= Highview Baptist Church (Louisville, Kentucky) =

Multi-site megachurch based in Louisville, Kentucky

Highview Baptist Church is a Baptist multi-site megachurch based in Louisville, Kentucky. It is affiliated with the Kentucky Baptist Convention and Southern Baptist Convention. Aaron Harvie is currently the church's senior pastor.

==History==
Founded as a baptist mission in 1947 and officially incorporated in 1953, the church has multiple campuses located throughout metro Louisville. As of 2025, the campuses include Fegenbush Campus (the main location) on Fegenbush Lane, which also is home of the Hispanic Campus (Highview en Español), East Campus on Shelbyville Road led by Blake Hodges, Southside Campus in the former Southside Baptist Church building in the Wyandotte neighborhood led by Scott Long, and Beechwood Campus in the former Beechwood Baptist Church building in the Beechwood Village neighborhood of St. Matthews led by Aaron Robb. Scott Long is a former University of Louisville wide receiver who also played briefly for the San Francisco 49ers. The former Valley Station Campus in the southwestern part of Jefferson County was launched as GracePointe Baptist Church in 2020. Other former campuses include the Spencer County Campus, which merged with an existing church to form Redemption Hill Baptist Church.

The church sponsors Whitefield Academy, founded in 1976 as Highview Baptist Christian School.

Bill Hancock served as Highview's senior pastor from 1970 until April 1995, when he resigned in disgrace over an extramarital affair. Dr. Kevin Ezell was then the senior pastor beginning in 1996 until he accepted the presidency of the North American Mission Board in the fall of 2010. Dr. Les Hughes was offered and accepted the position of senior pastor in the spring of 2012. He held the position until his resignation effective June 1, 2015.

On June 26, 2016, Aaron Harvie was called as senior pastor. Harvie has a unique relationship with Highview: in 1999 he planted a church in the suburbs of Philadelphia with Highview as a main sending partner. In addition to financial support, Highview sent missions teams to Philadelphia help the church plant launch and reach the community with the gospel. His family returned to Highview in June 2015, and he served as Interim East Campus Pastor starting in October 2015, heeding a call from interim senior pastor Randy Overstreet.

The church was the focus of national attention in April 2005 when it hosted Justice Sunday, a rally where politically active conservative Evangelical Christians gathered to protest efforts by the United States Senate to filibuster conservative-leaning candidates for judgeships in the federal courts. The event attracted leading members of the conservative Christian movement, including James Dobson and R. Albert Mohler, Jr. The event was widely covered by the news media, and also was protested by critics of the movement. It was the first of three such events to date, with the others held in Nashville, Tennessee and Philadelphia, Pennsylvania.

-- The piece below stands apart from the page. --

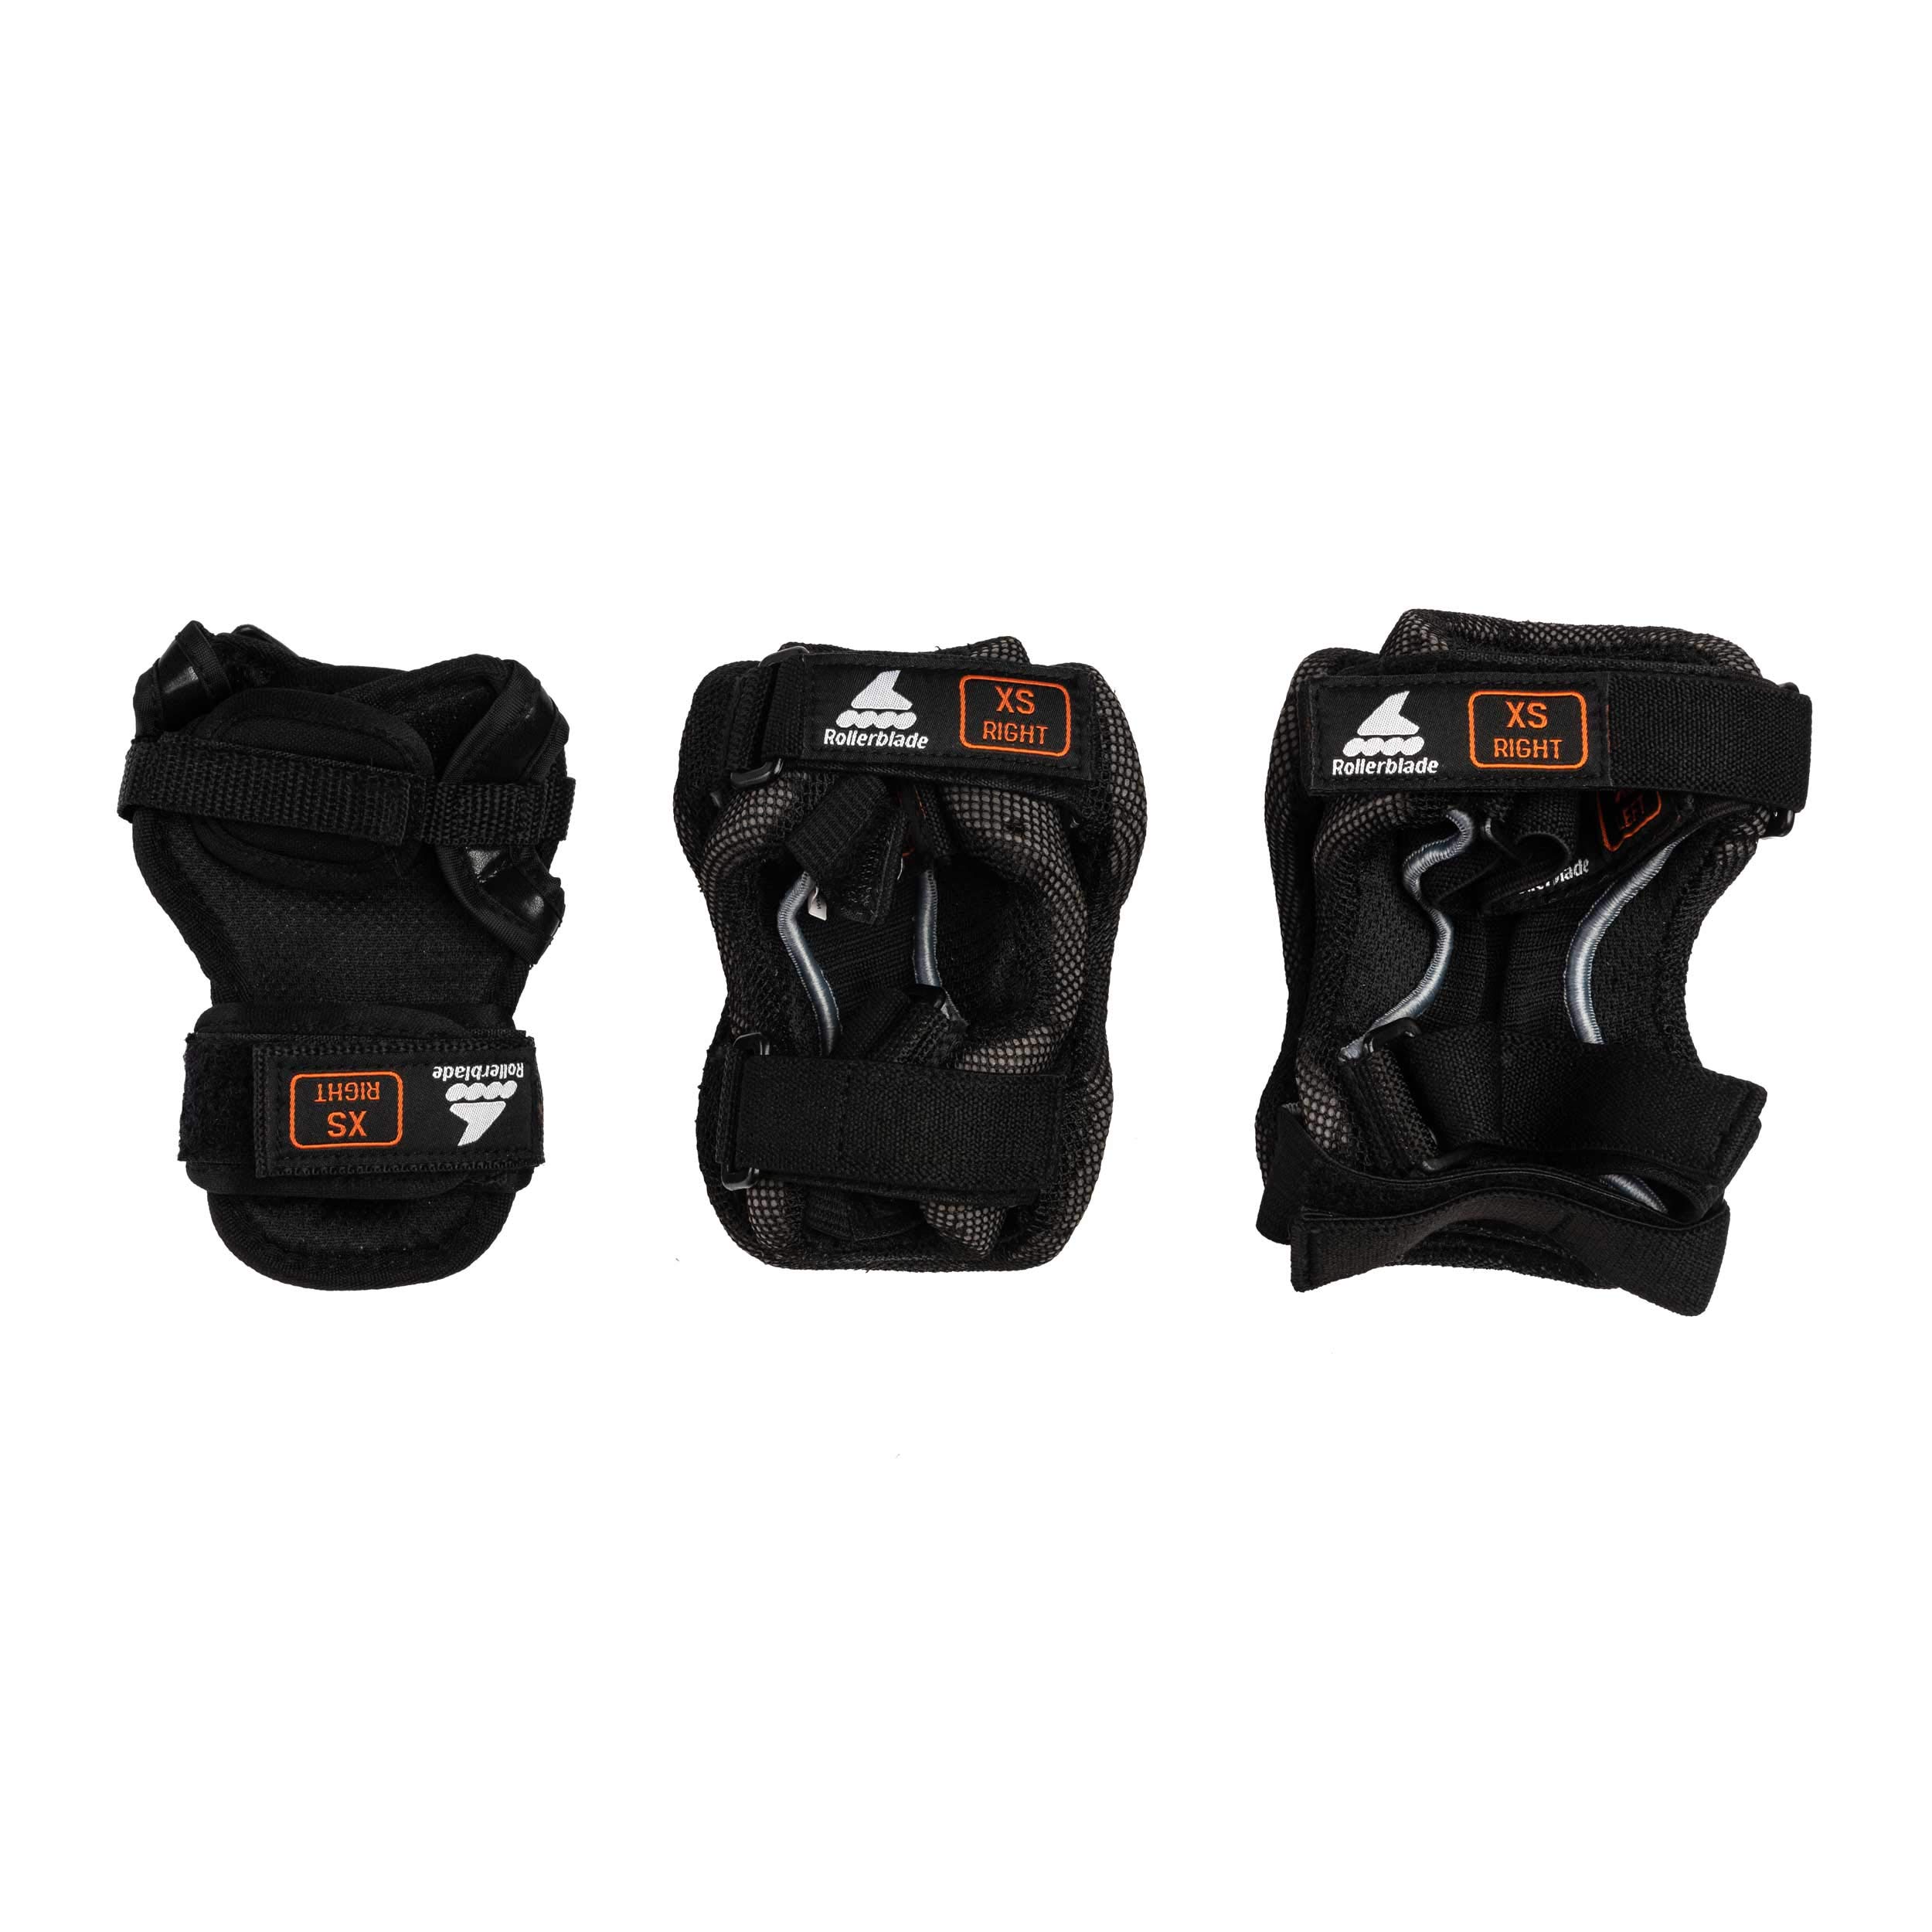 Rollerblade Skategear Junior 3 Pack Protective Gear, Knee Pads, Elbow Pads and Wrist Guards, Multi Sport Protection,Youth, Black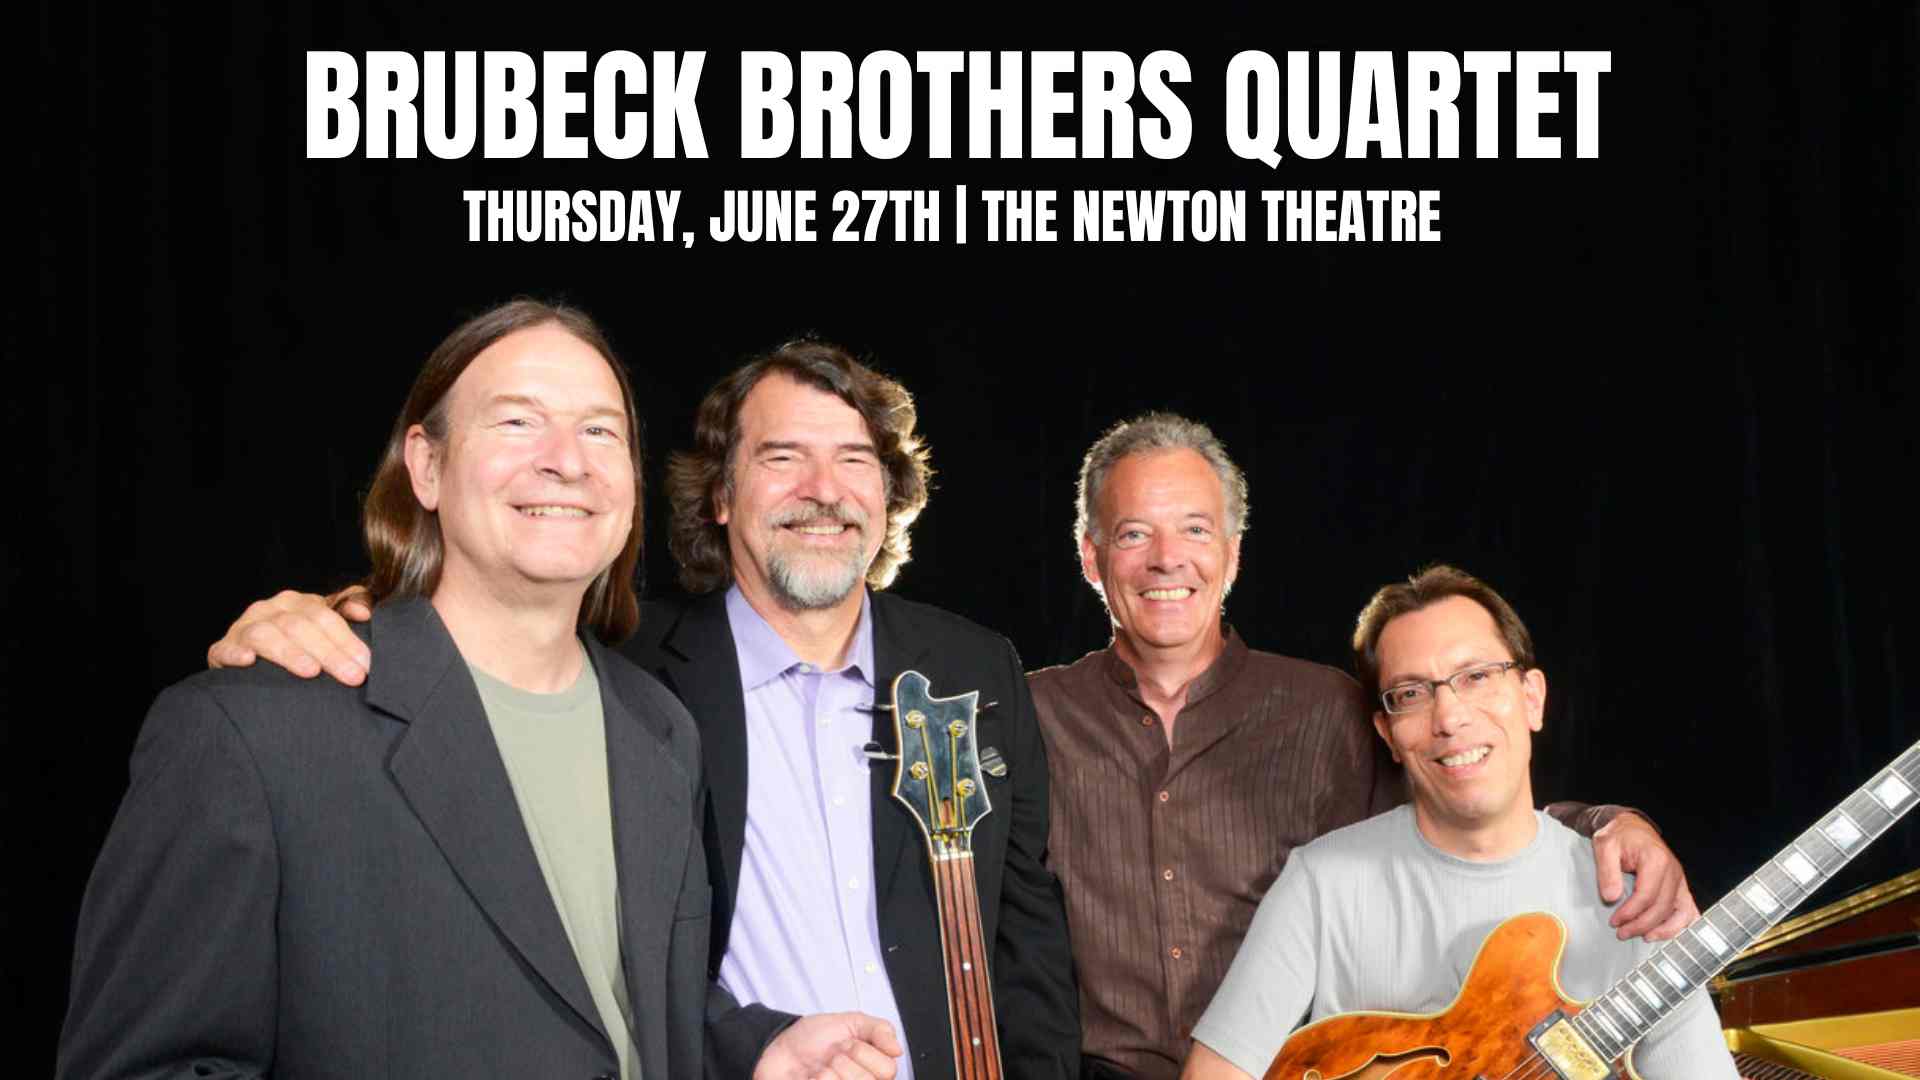 Brubeck Brothers Quartet plays The Newton Theatre on Thursday, June 27th.

== Notable church members ==
- Albert Mohler, President of Southern Baptist Theological Seminary, attended Highview's East Campus for many years.
- Russell Moore, President of the Ethics & Religious Liberty Commission of the Southern Baptist Convention, was a teaching pastor at Fegenbush Campus during his time as Vice President at The Southern Baptist Theological Seminary.
- Danny Akin, President of Southeastern Baptist Theological Seminary
- Former Jefferson County Judge/Executive Rebecca Jackson previously served as a community liaison and director of senior citizens programs for the church.